CourtAlabama Court of Appeals

Appeal from Circuit Court, Blount County; O. A. Steele, Judge.

Action by the Empire Guano Company against D. A. Ellis. From a judgment for defendant, plaintiff appeals. Affirmed.

James Kay, of Oneonta, for appellant.

Ward Nash & Fendley, of Oneonta, for appellee.

BRICKEN P.J.

The appellant brought its action against appellee in the court below, to recover the sum of $125.25, with accrued interest and the additional sum of $20 as a reasonable attorney's fee, all alleged to be due under a certain promissory note which is set out in the bill of exceptions.

The defendant interposed several pleas: (1) The general issue; (2) non est factum; (3, 4, and 5) interposed the defense of an alteration in the note sued on after its execution, without the knowledge or consent of the maker; (6) failure of consideration.

The complaint alleged that the note in question was executed by defendant on April 5, 1920, and was payable to Goddard Bros. & Copeland, and was indorsed to the plaintiff, the Empire Guano Company, for a valuable consideration before maturity and in the usual course of trade.

Plaintiff demurred to defendant's pleas 3, 4, 5, and 6 upon the four grounds noted in the demurrer. The first four assignments of error are predicated and based upon the action of the trial court in overruling the demurrers.

The ruling of the trial court upon the demurrers in question is not available to appellant for the reason that the record fails to show any judgment of the trial court upon said demurrer. The bill of exceptions contains a statement that the court overruled the plaintiff's demurrer to defendant's pleas, but this is no more than a bench entry, and, besides, it is not the office of a bill of exceptions to show the judgment of the trial court on demurrer.

The judgment of the trial court on plaintiff's demurrer not being shown by the record proper, this court cannot consider assignments of error based upon the action of the court in overruling said demurrers. Ala. Fuel & Iron Co. v. Vaughan, 205 Ala. 589, 88 So. 857; Seaboard Air Line Ry. Co. v. Pemberton, 202 Ala. 55, 79 So. 393.

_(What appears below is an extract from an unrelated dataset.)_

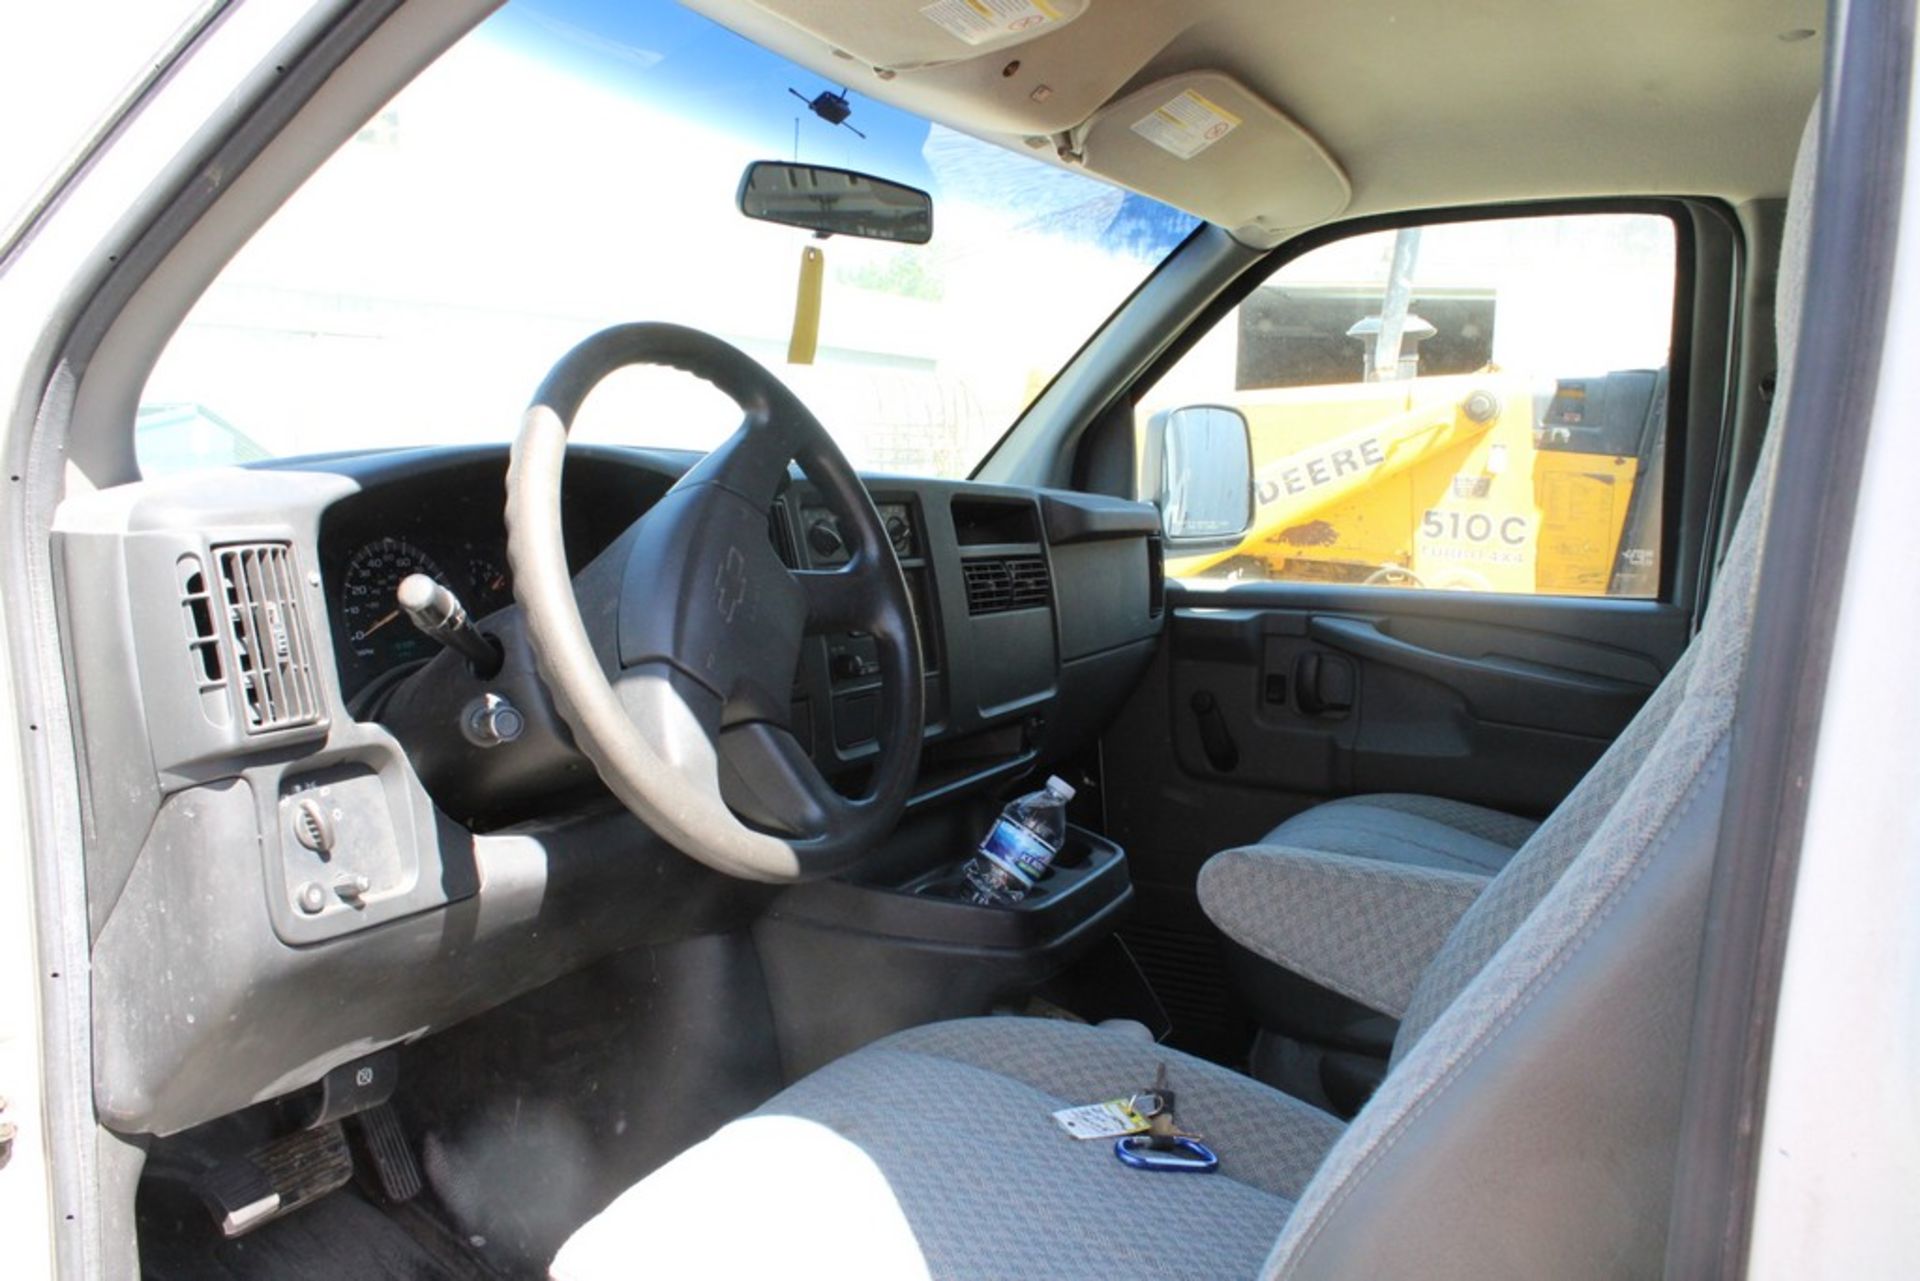 2003 CHEVROLET MODEL 2500 CARGO VAN, VIN: 1GCFG25T131159094, AUTOMATIC TRANSMISSION, APPROX. 167,000 - Image 7 of 10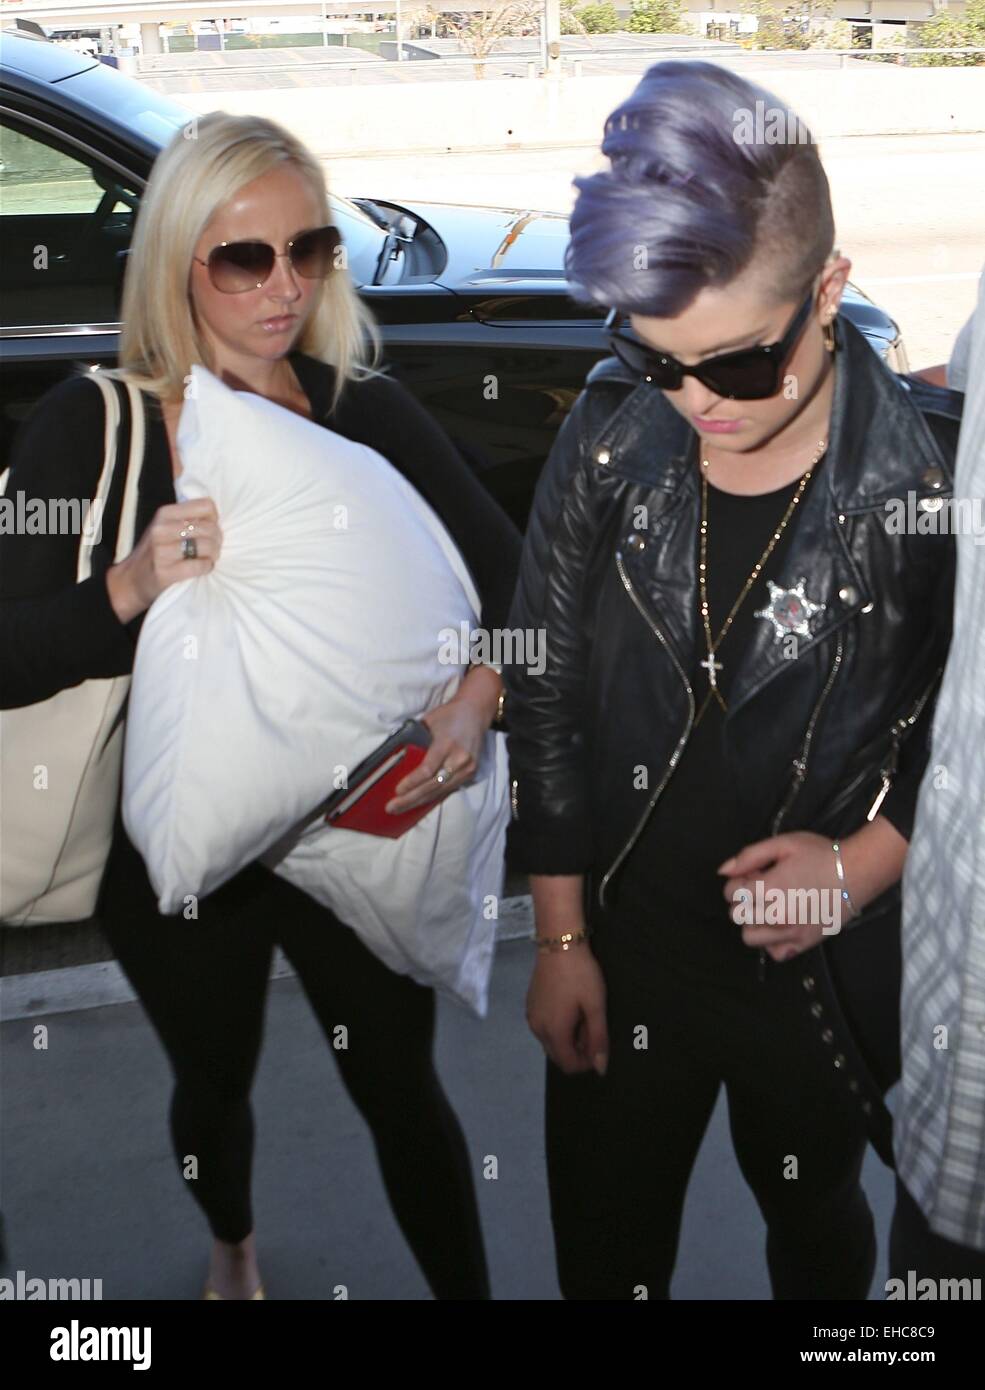 Kelly Osbourne arrives at Los Angeles International (LAX) airport Featuring: Kelly Osbourne Where: Los Angeles, California, United States When: 06 Sep 2014 Stock Photo

The fifth and sixth assignments of error are predicated upon the action of the trial court in finding the issue involved in the case in favor of the defendant, and in entering judgment accordingly.

It is the contention of appellant that the note sued on is a negotiable instrument under the commercial law, and that the same was in the hands of a bona fide purchaser for value without notice of its defects, defenses, or imperfections. The defendant (appellee in this cause), however, interposed in the court below his pleas of alteration, failure of consideration, and non est factum. It is true that a plea of failure of consideration, or want of consideration, or of alteration, would be immaterial in a suit on a negotiable instrument. by an innocent purchaser thereof for value, but said pleas should have been eliminated, either by a motion to strike or proper demurrer, and the ruling of the trial court should have been invoked upon said motion or demurrer, and the judgment of the trial court thereon should be shown by the record.

The judgment entry here recites that issue was joined between the plaintiff and defendant. So, then, the only question for this court to consider is whether or not the defendant offered sufficient proof in support of his immaterial pleas. Plea 3 asserts that-

The "note sued on has been materially changed in this Words and figures '1,000 lbs. of F. 10-0-4' have been inserted in the face of said note since execution thereof without the knowledge or the consent of the said defendant."

Plea No. 4 asserts that-

The "note herein sued on has been materially changed in this: Words and figures '2,000
...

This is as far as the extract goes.